Emanuele Franz con Audax lancia il “Premio Teipsum” primo concorso letterario riservato a scrittori autistici

La casa editrice Audax di Moggio Udinese ha annunciato il lancio del “Premio Teipsum”, un’iniziativa editoriale e culturale senza precedenti nel panorama italiano: un concorso letterario dedicato interamente a persone neurodivergenti dello spettro autistico di ogni livello. Il progetto nasce da un’idea di Emanuele Franz, filosofo, editore friulano e lui stesso persona autistica. «L’obiettivo – spiega infatti – è quello di sfidare il luogo comune che associa troppo spesso l’autismo a una condizione di sola disabilità intellettiva. Il “Premio Teipsum” si propone di dimostrare come la neurodivergenza possa essere, al contrario, una fonte di straordinaria capacità creativa, intuitiva e bellezza».
«Il nome “Teipsum” – aggiunge Franz – richiama il celebre monito delfico “Gnōthi seauton” (Conosci te stesso). È un richiamo filosofico profondo: la radice greca autos (stesso), che compone la parola “autismo”, diviene qui la chiave per un percorso di consapevolezza e di espressione del proprio mondo interiore». A testimonianza dello spessore scientifico e culturale dell’iniziativa, il filosofo e scrittore moggese informa che il Premio vanta il patrocinio morale e la partecipazione di personalità di rilievo internazionale: garante letterario il professor Franco Cardini; giuria d’onore il neuroscienziato Giorgio Vallortigara, lo scienziato Piergiorgio Odifreddi e lo psicoanalista Claudio Risé; consulenza scientifica il neurologo Sergio Zanini. «I vincitori del concorso – precisa Franz – avranno l’opportunità di vedere la propria opera pubblicata in modo completamente gratuito dalla casa editrice Audax, offrendo così una ribalta reale e professionale a voci che troppo spesso rimangono ai margini della società».
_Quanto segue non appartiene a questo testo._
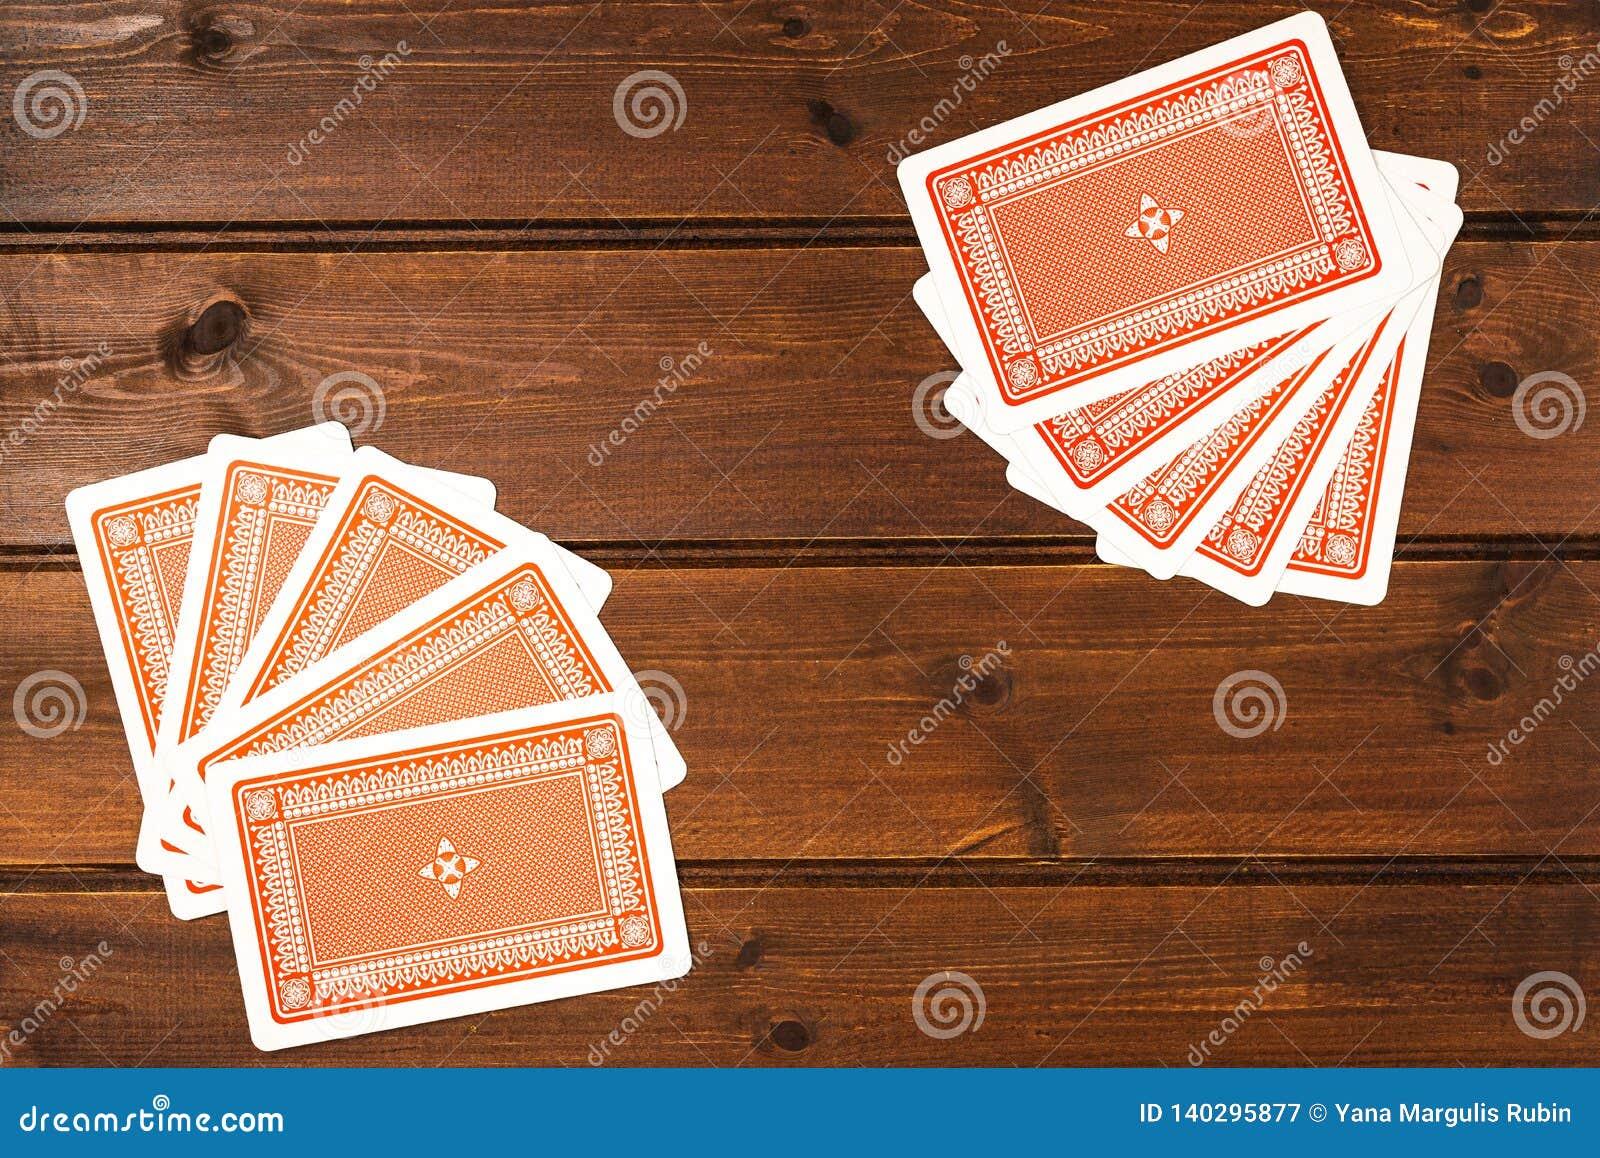 Obenliegende Draufsicht von Spielkarten

«Troppo spesso l’autismo viene associato a una mancanza di espressione – conclude l’ideatore del concorso letterario -. Con questo Premio vogliamo dare un segnale concreto: la neurodiversità è una ricchezza per la società e la cultura. Vogliamo che il talento emerga oltre la diagnosi, trasformando la sofferenza in bellezza letteraria». Il concorso è, pertanto, aperto a tutte le persone nello spettro autistico (previa autocertificazione). Maggiori informazioni sul bando e sulle modalità di invio dei manoscritti sono disponibili sul sito ufficiale della casa editrice Audax.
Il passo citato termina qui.